● **Exercise brief**
The reply should be an exact repeat of the listing, with no pictures in it.

● **Data provided**

----

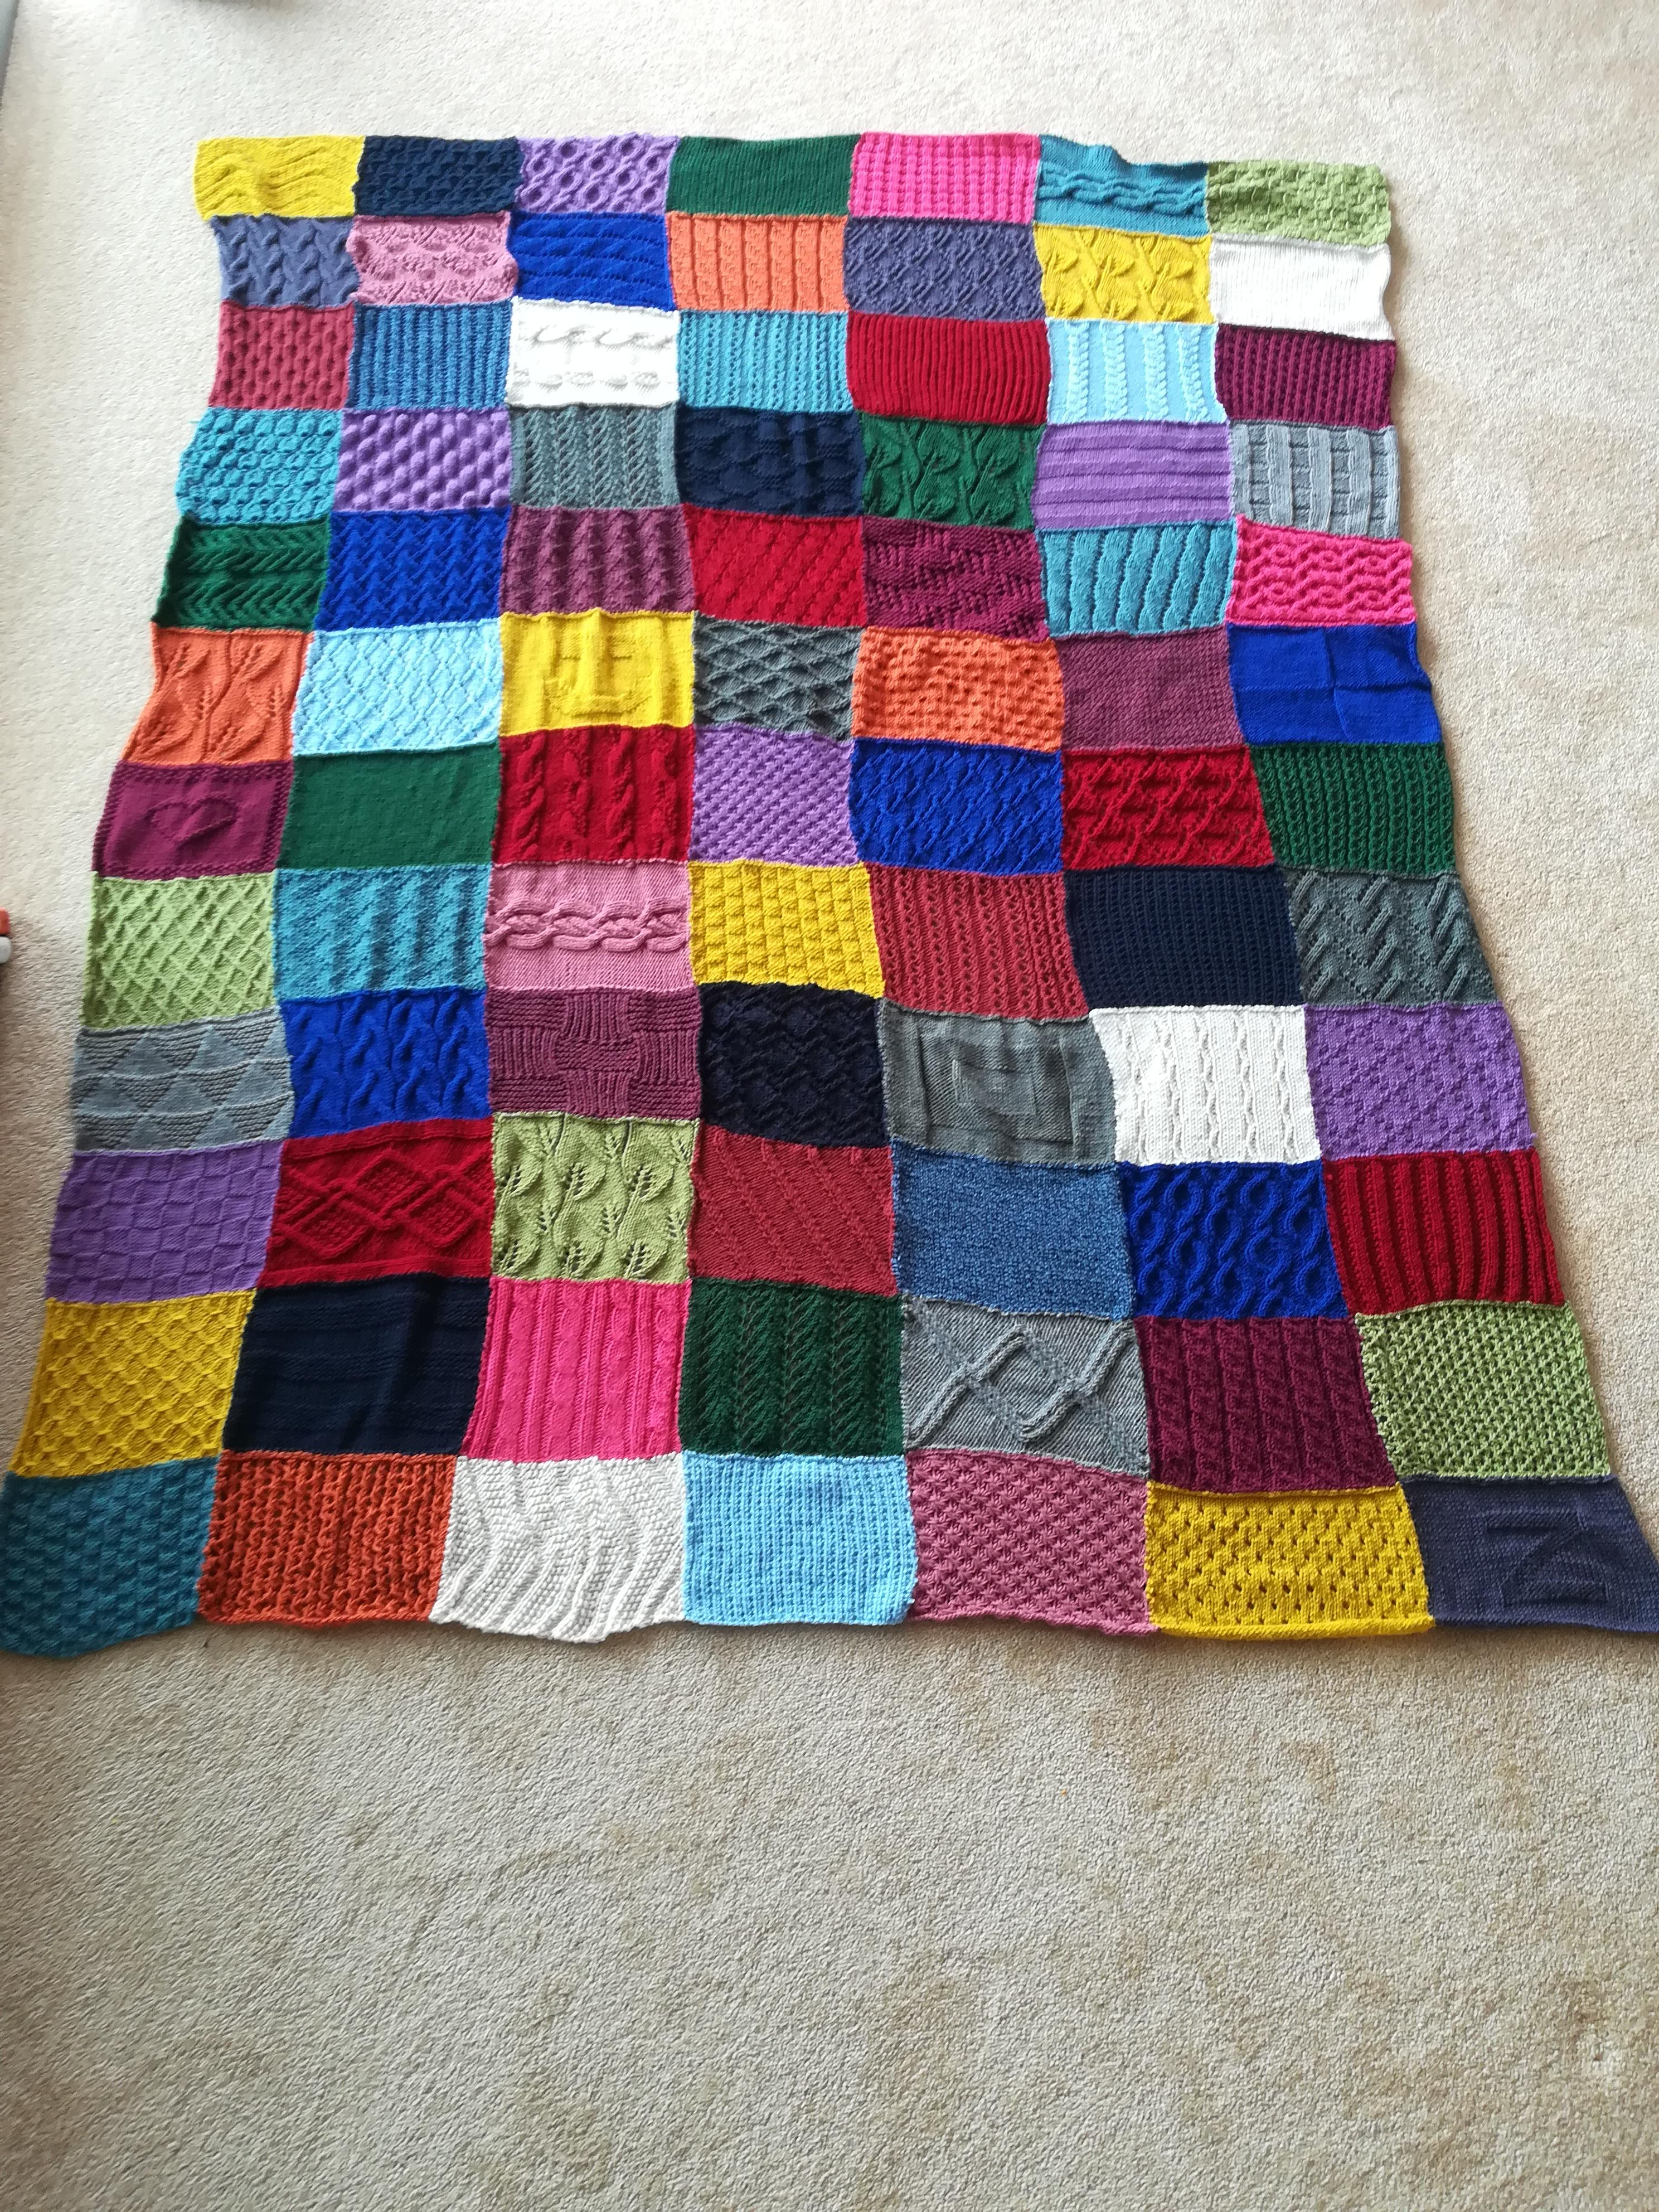 Patchwork Knitting Patterns For Blankets Its Finally Done My Huge Patchwork Blanket Knitting
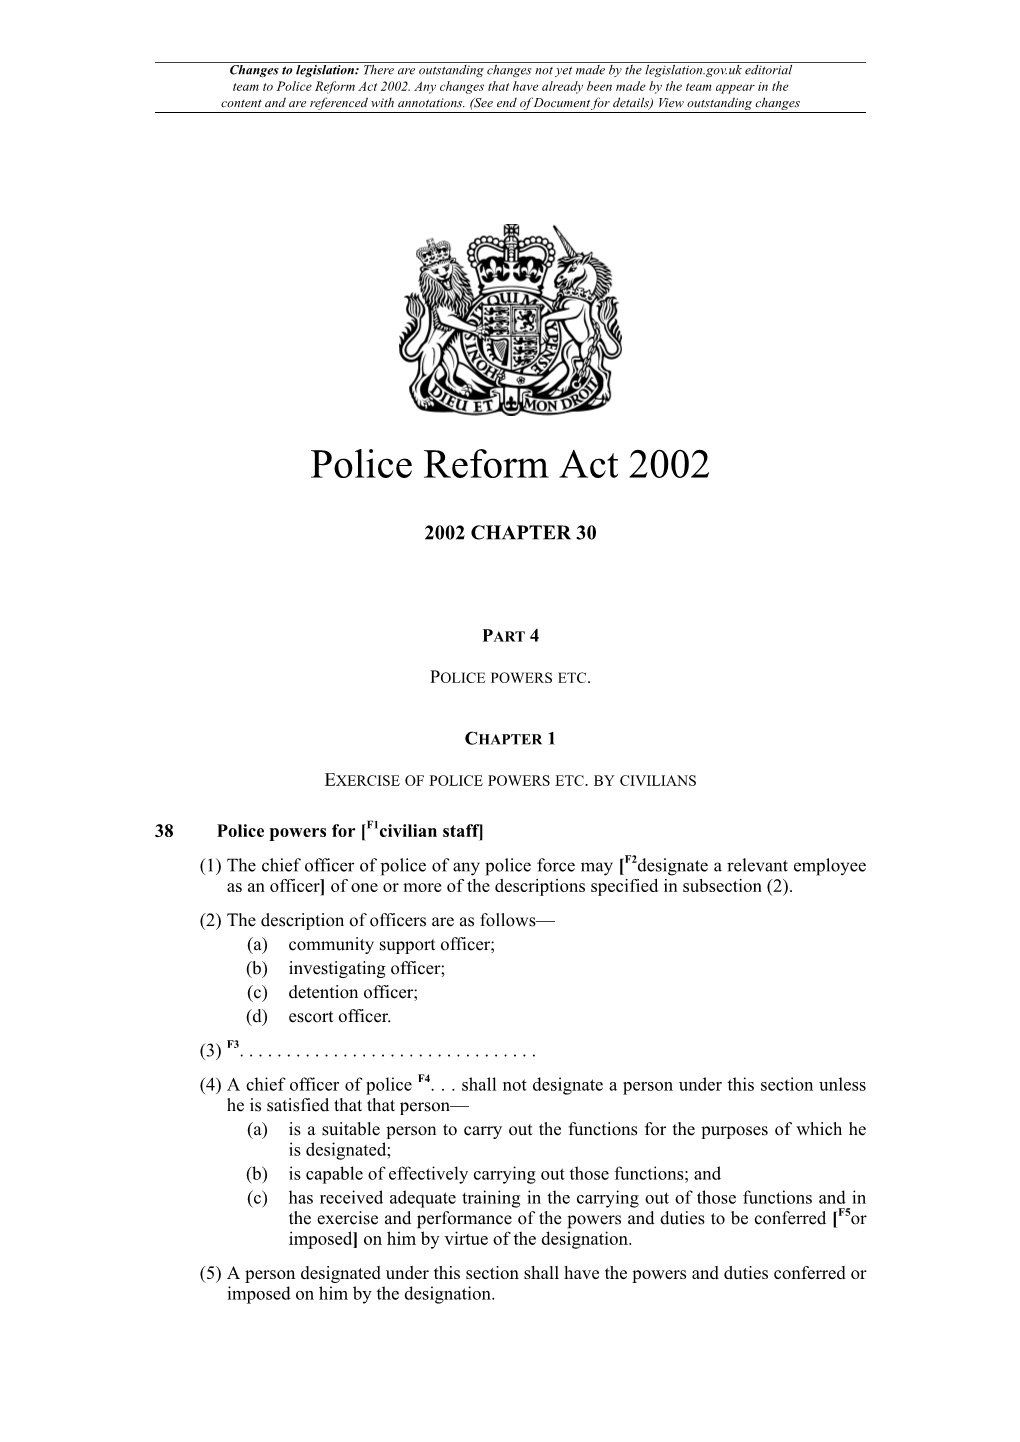 Police Reform Act 2002
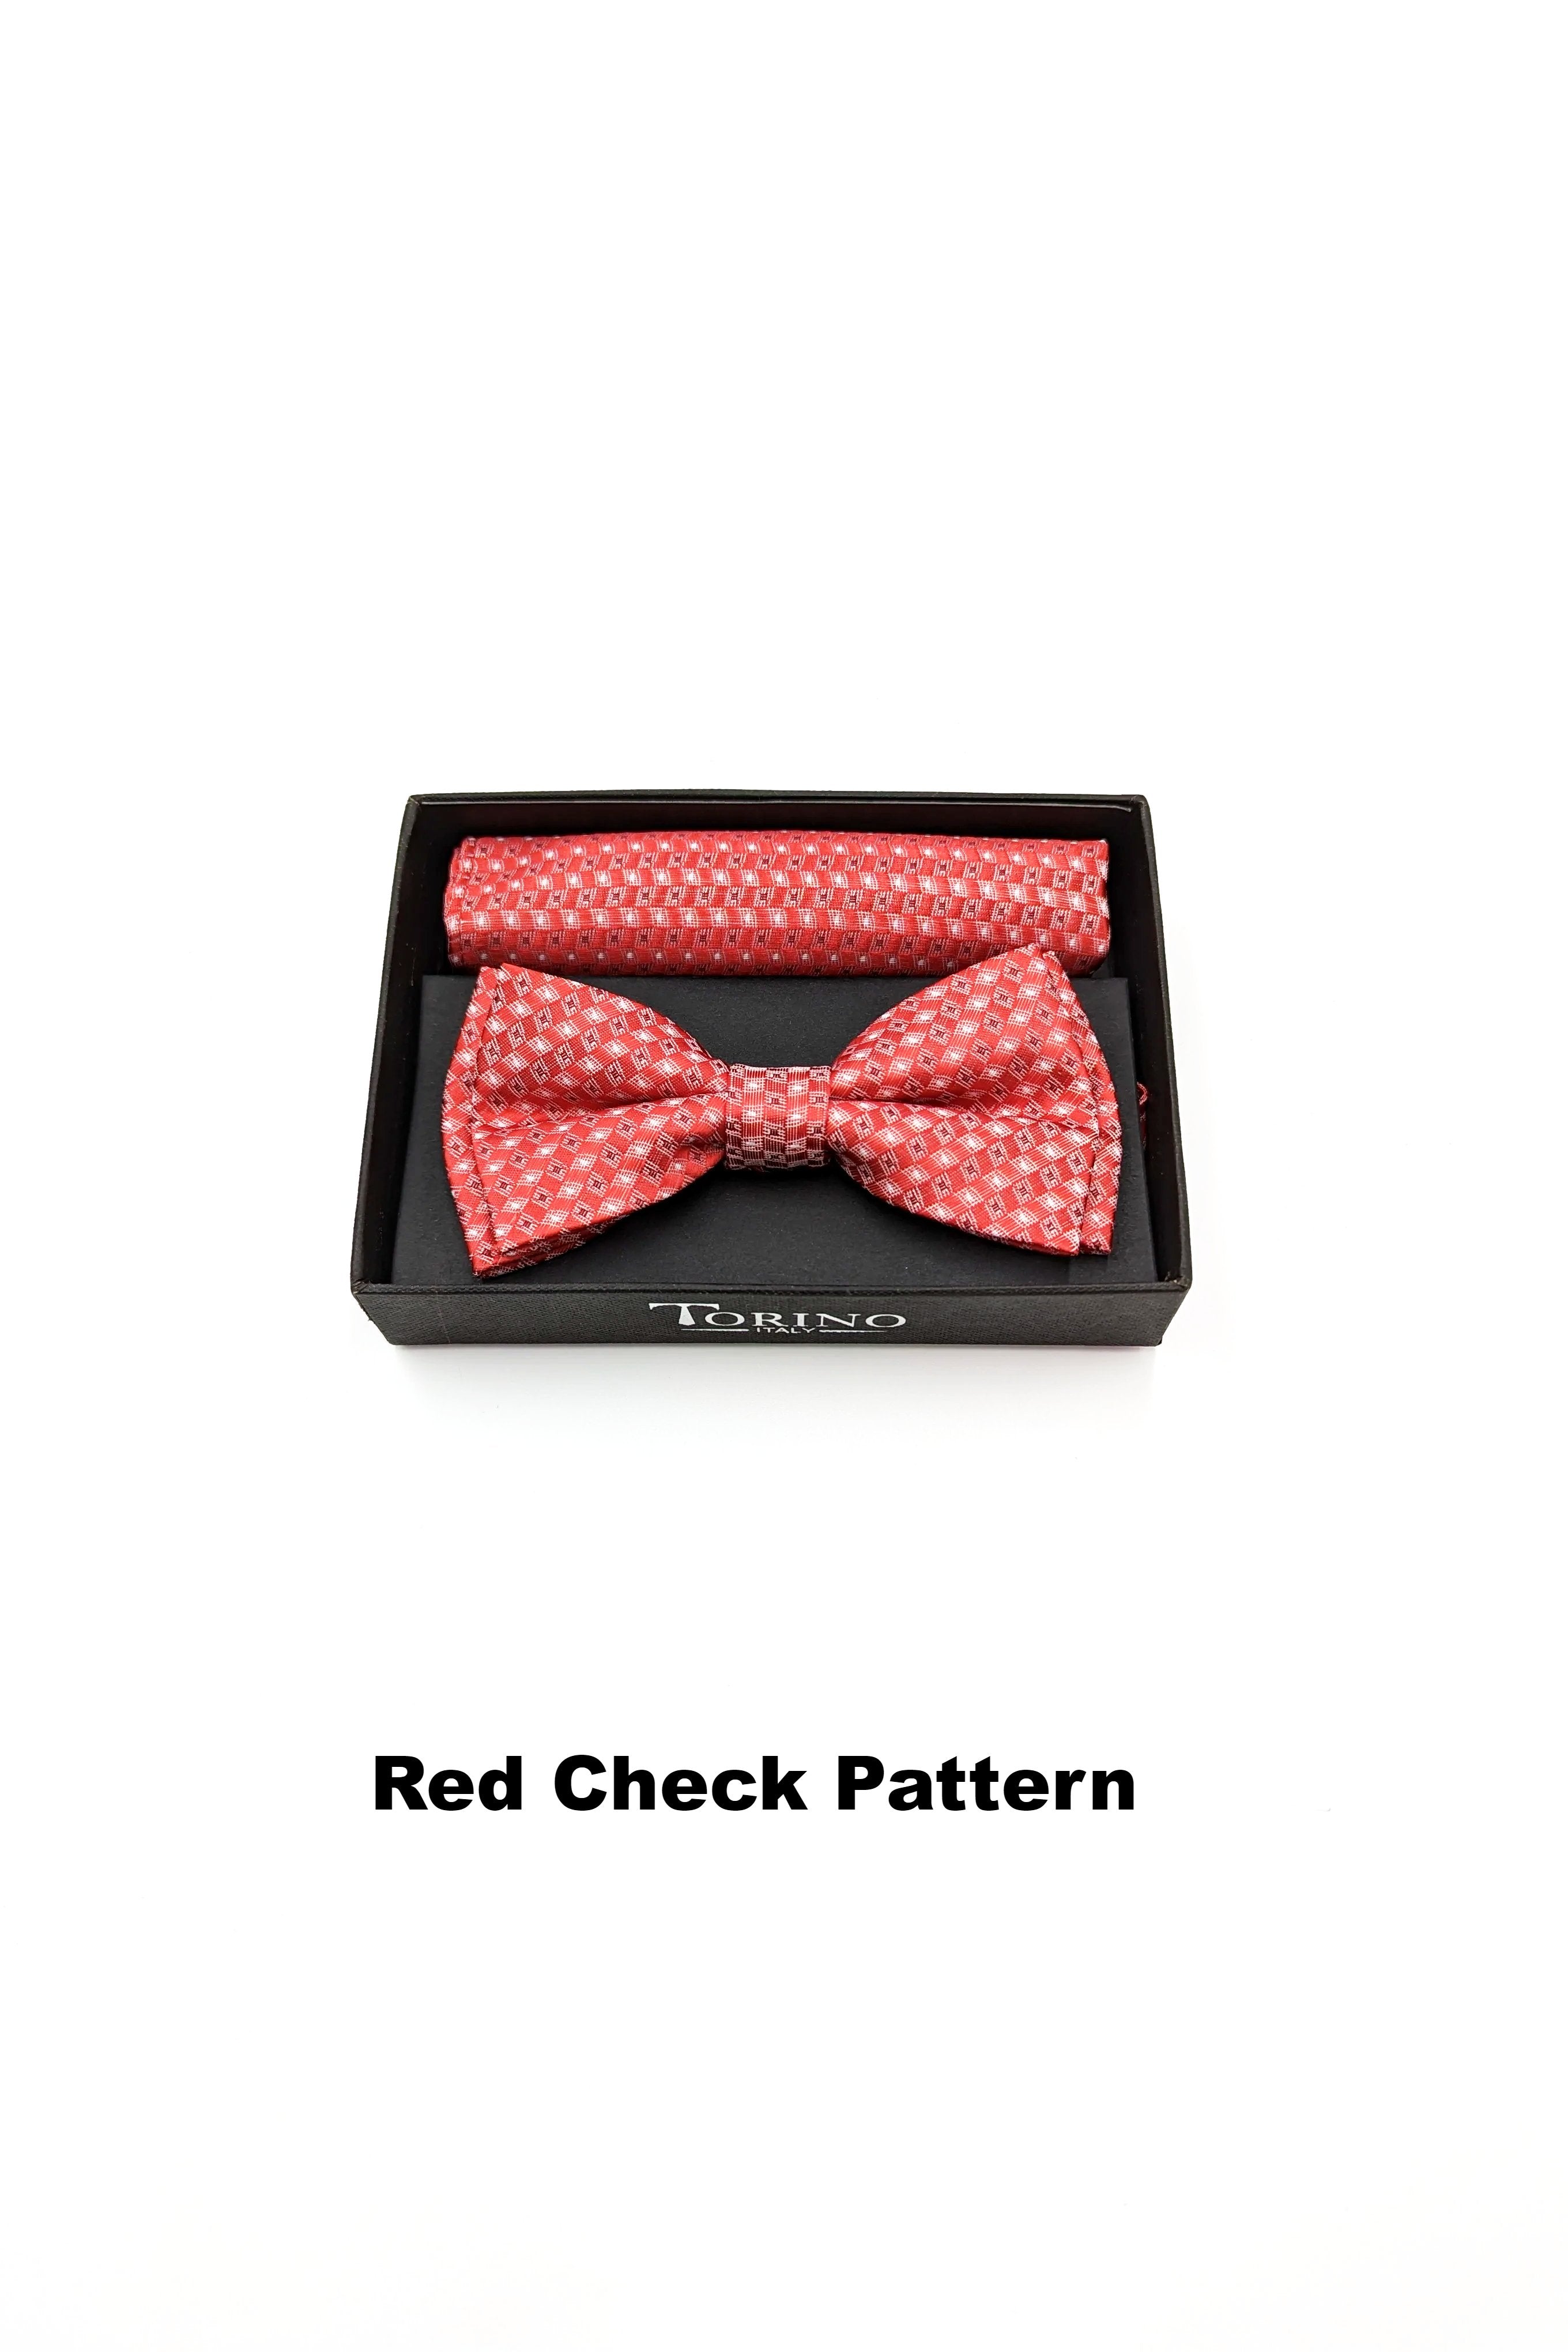 Textured Mens Red Check Pattern Bow and Pocket Square

----

● **Written answer**
 Patchwork Knitting Patterns For Blankets Its Finally Done My Huge Patchwork Blanket Knitting
 Police Reform Act 2002
 Textured Mens Red Check Pattern Bow and Pocket Square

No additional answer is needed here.